The prequel to Tamsyn Muir’s novel “Harrow The Ninth” was a hugely successful sci-fi novel of 2019. “Gideon the Ninth” won several awards, including the Locus Award, and left even the most esteemed sci-fi authors in awe. “Gideon the Ninth” burst onto the science fiction scene with pulsating energy, cheeky yet clever humor, and a unique vision (necromancers + romance = necromance). Only to then shift to a larger portion of the story resembling a subdued Agatha Christie mystery.
“Harrow the Ninth” lacks that dynamic start but fortunately, it also lacks the occasional anemia found in its predecessor. However, in return, it is at times completely incomprehensible.
The first thought-provoking moment occurs when you realize there’s not a single mention of Gideon, the protagonist of the Locked Tomb series’ first installment. It’s as if her existence has been erased. Then, the alternating chapters of the book are written in different grammatical persons (second-person singular vs third-person singular) while each chapter has the same viewpoint character: Harrowhark Nonagesimus, the charming but troubled teenage necromancer.
To top it off, characters show up in the pink, who died in the first book.
Are you into solving puzzles? Do you have a university degree? If neither applies to you, there’s a chance that up to about 80% of this book, you’ll wish “Harrow the Ninth”, to hell. And it’s no wonder if, along the way, you come to the conclusion that either reading the book titled “Harrow the Ninth” is entirely unnecessary or its predecessor, filled with the trials of Gideon Nav.
Maybe you won’t give up on Muir’s book halfway for only two reasons. One, if you’ve already crafted a compelling closing sentence for your book review and don’t want it to go to waste. The other is the Australian author’s writing style.
Because, in the end, Tamsyn Muir twists words in a damn unique way. The brilliantly unique world teeming with the dead, constructed with unparalleled vocabulary, clever wordplay, playful humor, and entertaining self-irony, undoubtedly justifies the spotlight on the author of the Locked Tomb series.
Whose characters, at times to their own surprise, engage in metered verse speeches (what masterful virtuosity!) or find themselves directly in an epic parody. These were probably born for no other reason than Muir had a great time amusing herself while writing.

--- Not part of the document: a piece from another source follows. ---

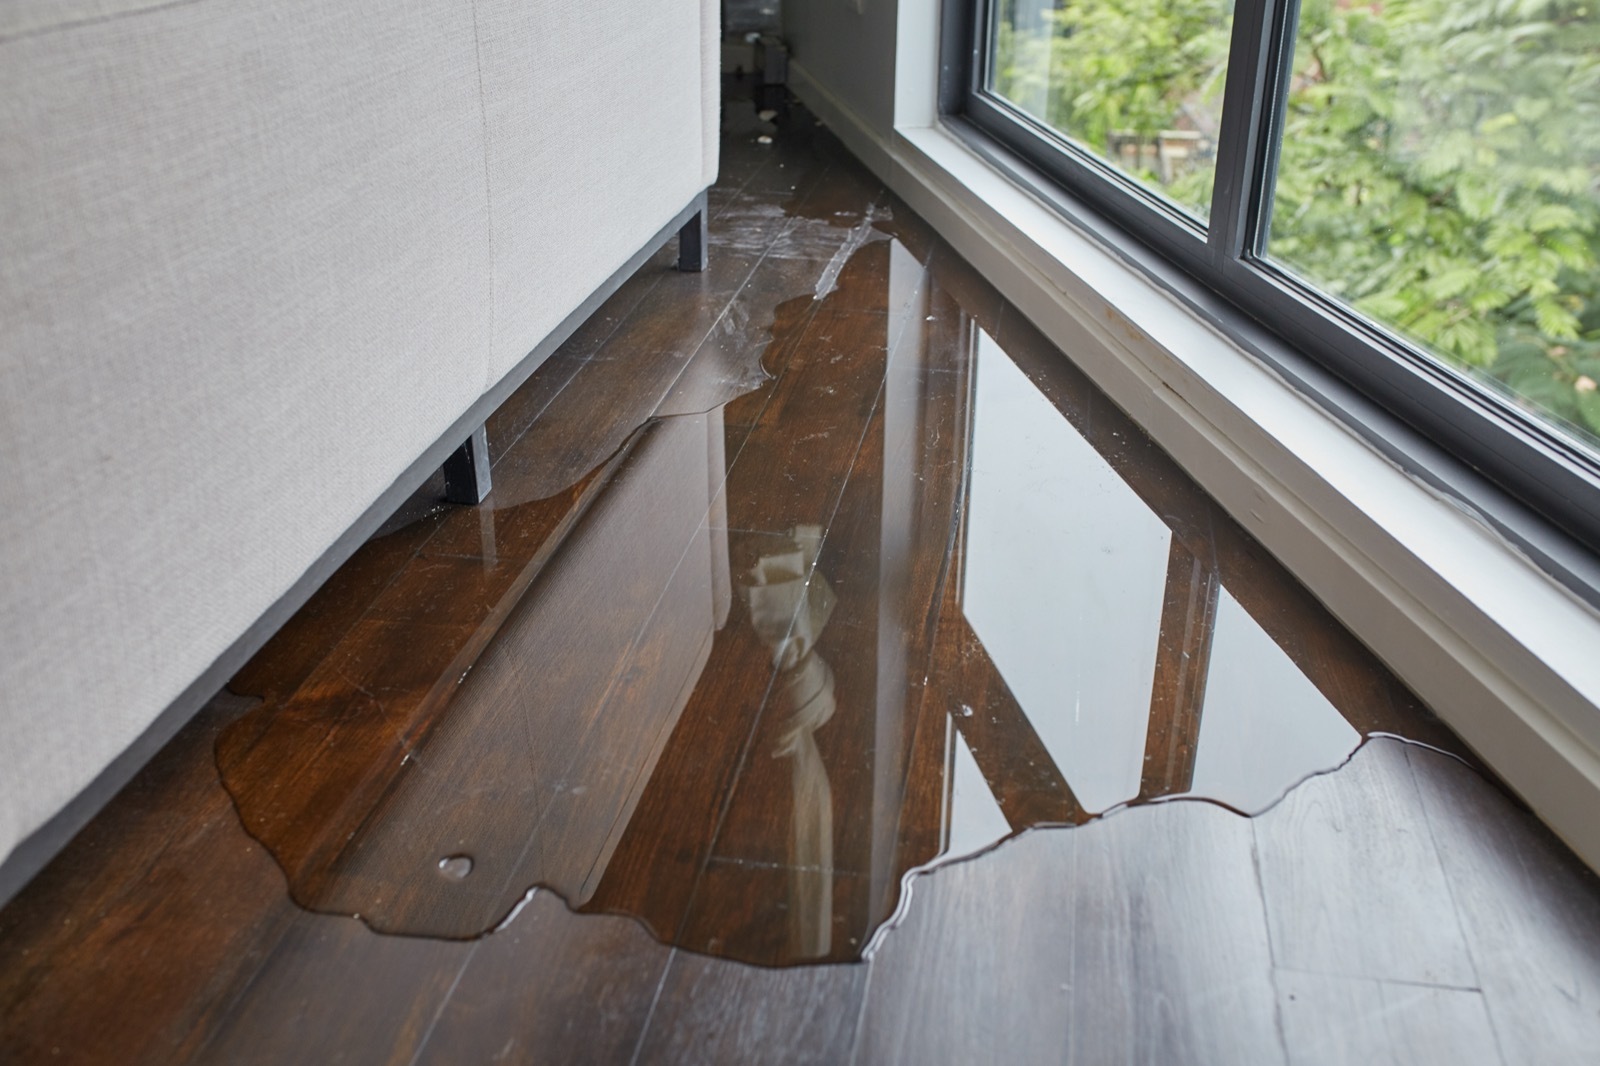 How to Deal with Flood Damage | Christian Brothers Flooring & Interiors

Nevertheless, unfortunately, the plot of the book “Harrow the Ninth” resembles a moderately interesting squabble among girls taking place in a high school girls’ dormitory. It’s full of confident, pouting divas who, in one moment, share mascara and in another, quite literally stab each other in the back with a blade. Not to mention, they are ALMOST entirely asexual. In a kind of “Young Adult” way.

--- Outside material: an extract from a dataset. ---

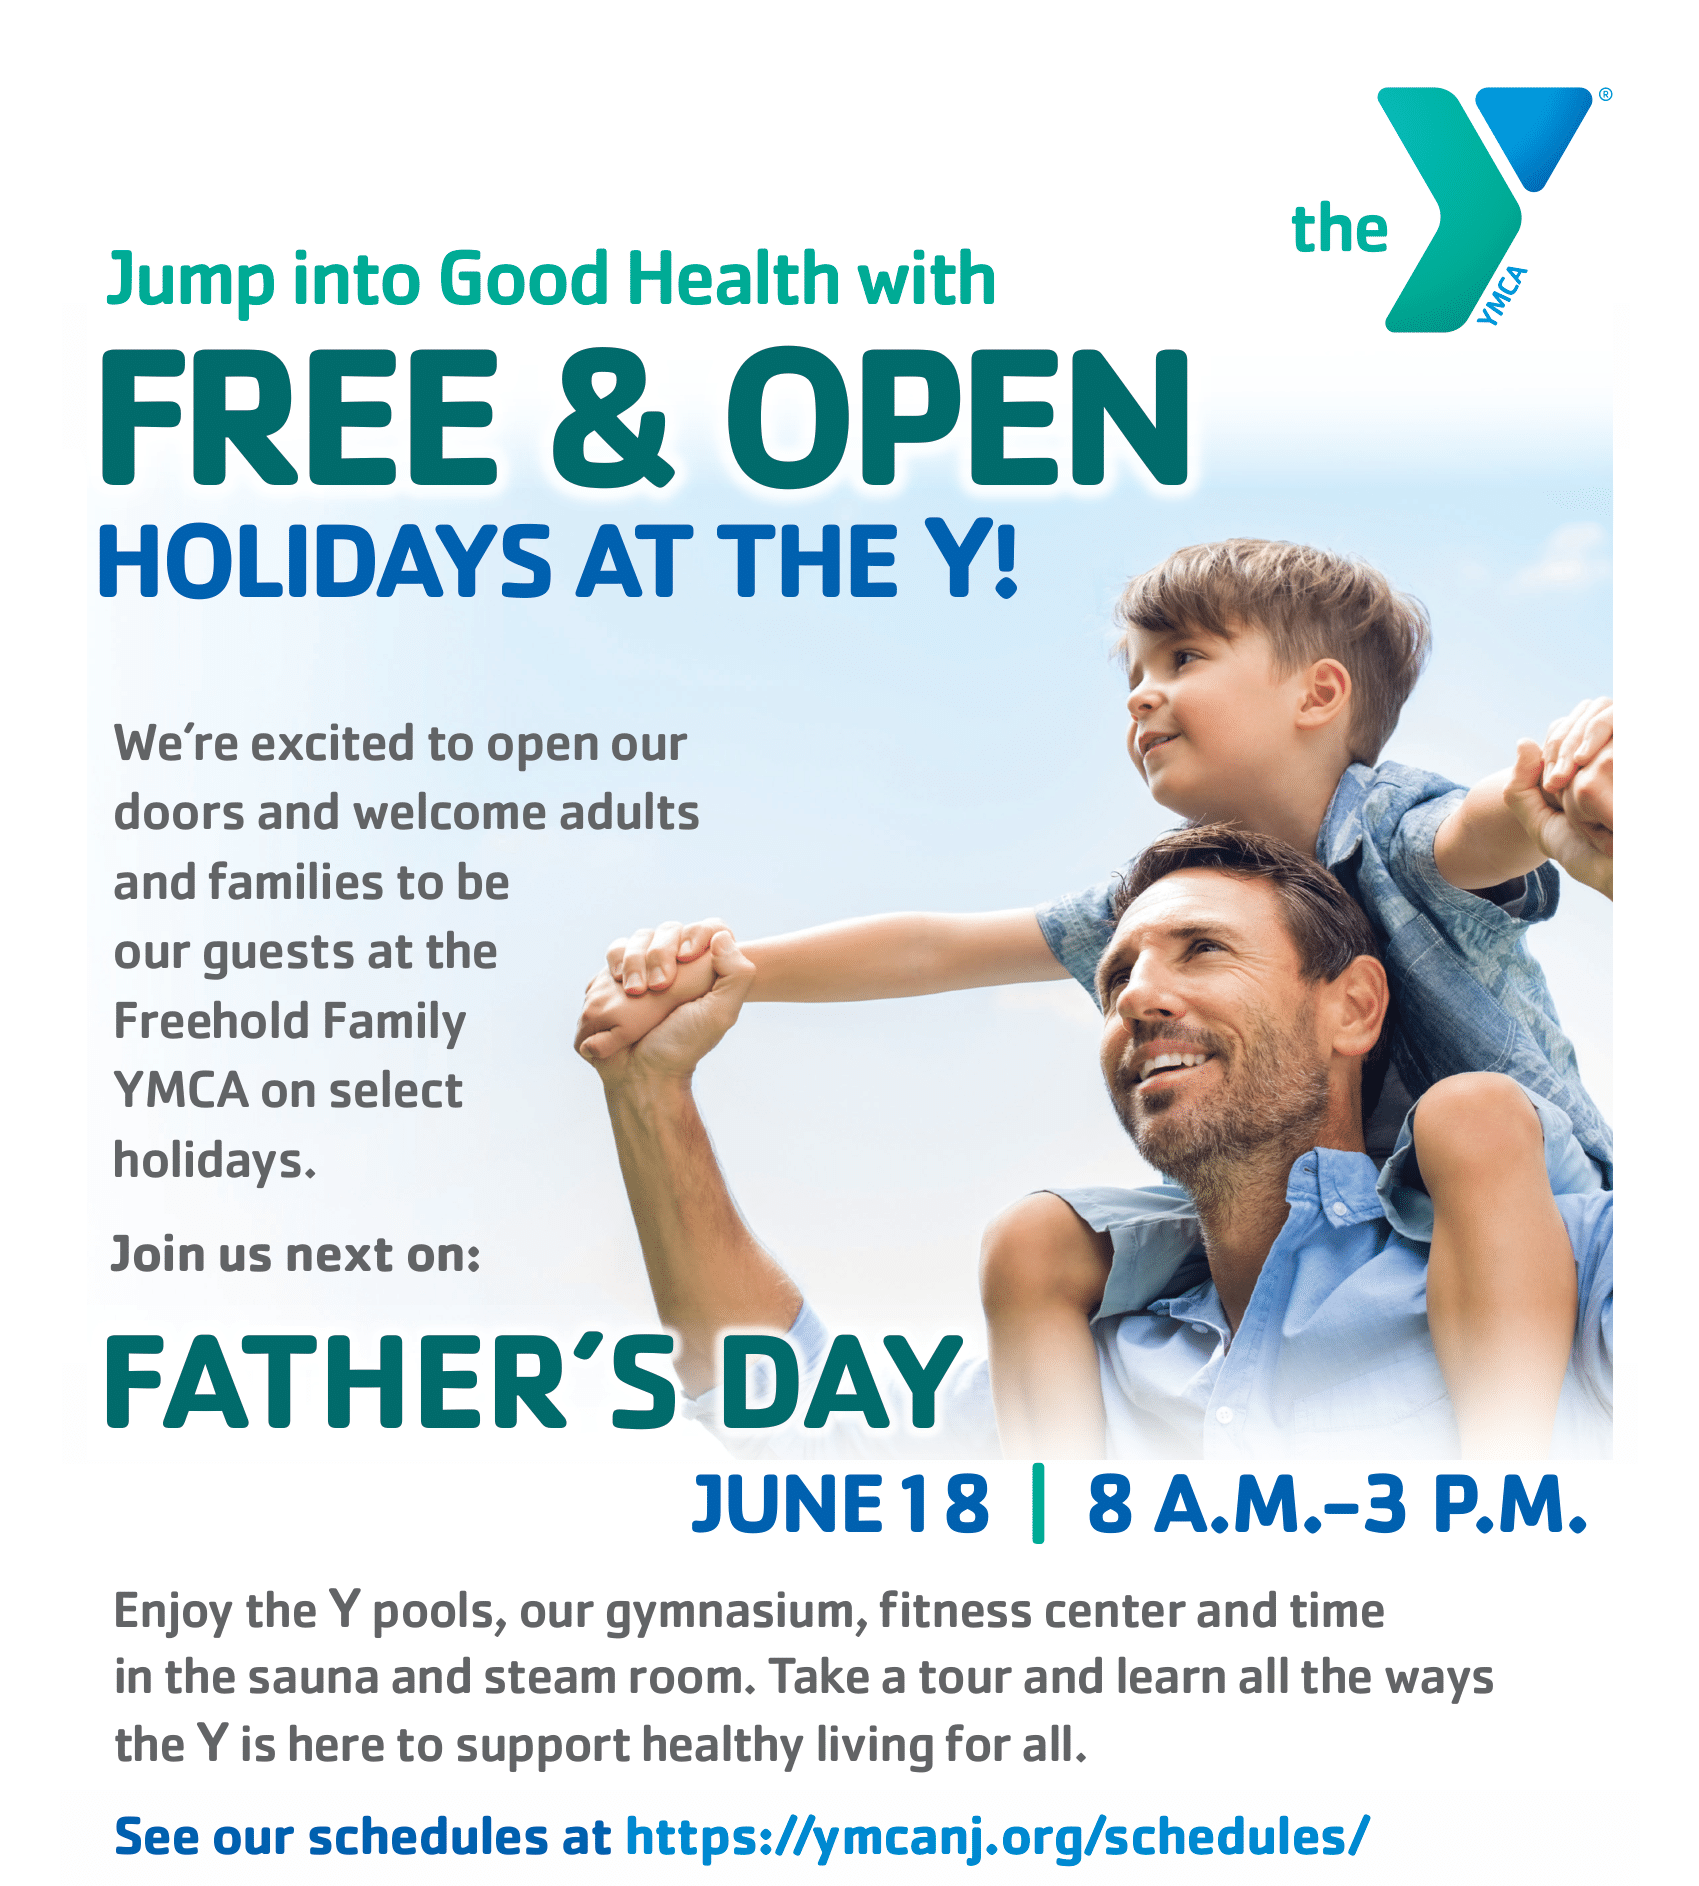 Father's Day | Free & Open @ YMCA of Greater Monmouth County

Moreover, the girls, even while pursuing the Resurrection Beasts, pay SPECIAL attention to their clothing.
Interestingly, despite the odd interactions among the characters, the main players work exceptionally well. Harrowhark, the seemingly unpleasant and cold-hearted teenage from the previous installment, manages to sneak into your heart in just two paragraphs. Harrowhark Nonagesimus is, in fact, the slightly neurotic, overthinking, but also kind-hearted and dutiful, real girl-next-door type of necromancer.
His Celestial Kindliness, aka the First Reborn, also known as The Necrolord Prime, or GOD, is the target of numerous well-executed jokes and jests. Simultaneously, he serves as the ideal ruler of all time. (Okay, maybe a bit liar at times, but no one is perfect.) The constantly conflicting expressions of the all-powerful, omnipotent being, and at the same time, the benevolent grandpa, provide ample opportunities for Tamsyn Muir to revel in entertaining sarcasm.

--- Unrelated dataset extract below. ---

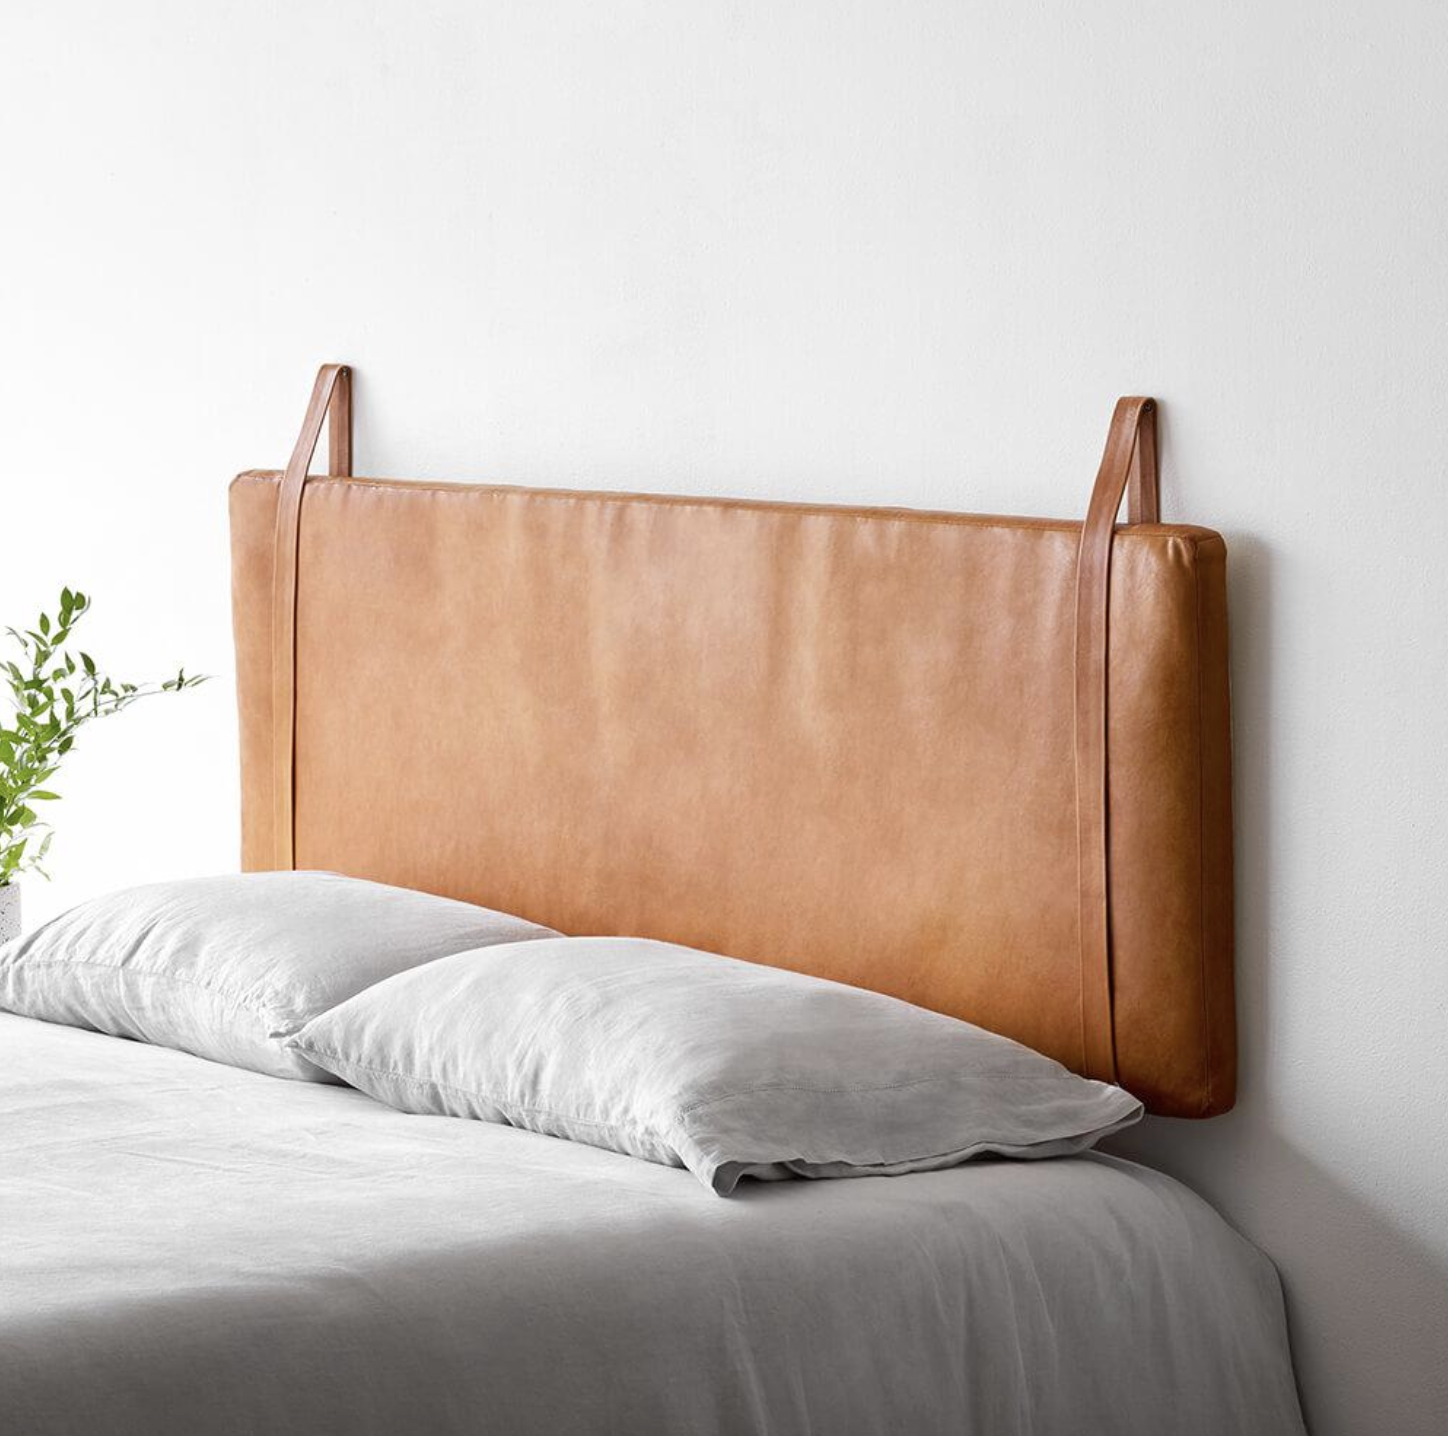 9 Wall Mounted Floating Headboards We, How To Attach Headboard A Wall

And then you ponder for a moment what kind of enthralling books Tamsyn Muir will write WHEN she truly grows up and doesn’t craft a novel like a hyper-intelligent, prematurely aged teenager. And her dark, undead-filled universe won’t be filled with childish conflicts and an incomprehensible plot. Yes, the end of the book is entirely baffling. At least to the average reader’s mind.
Because as soon as you’ve successfully reached the end of “Harrow the Ninth,” you can immediately go to Wikipedia to check out what the heck you have actually read.
Tamsyn Muir’s science fiction fantasy novel, “Harrow the Ninth,” is evidently crafted for the Young Adult readers. However, they are likely unable to comprehend it in all its captivating completeness. The majority of adult readers probably find it simply childish. It is entirely likely that only those falling into the narrow intersection of teenage female necrophiles will truly enjoy it.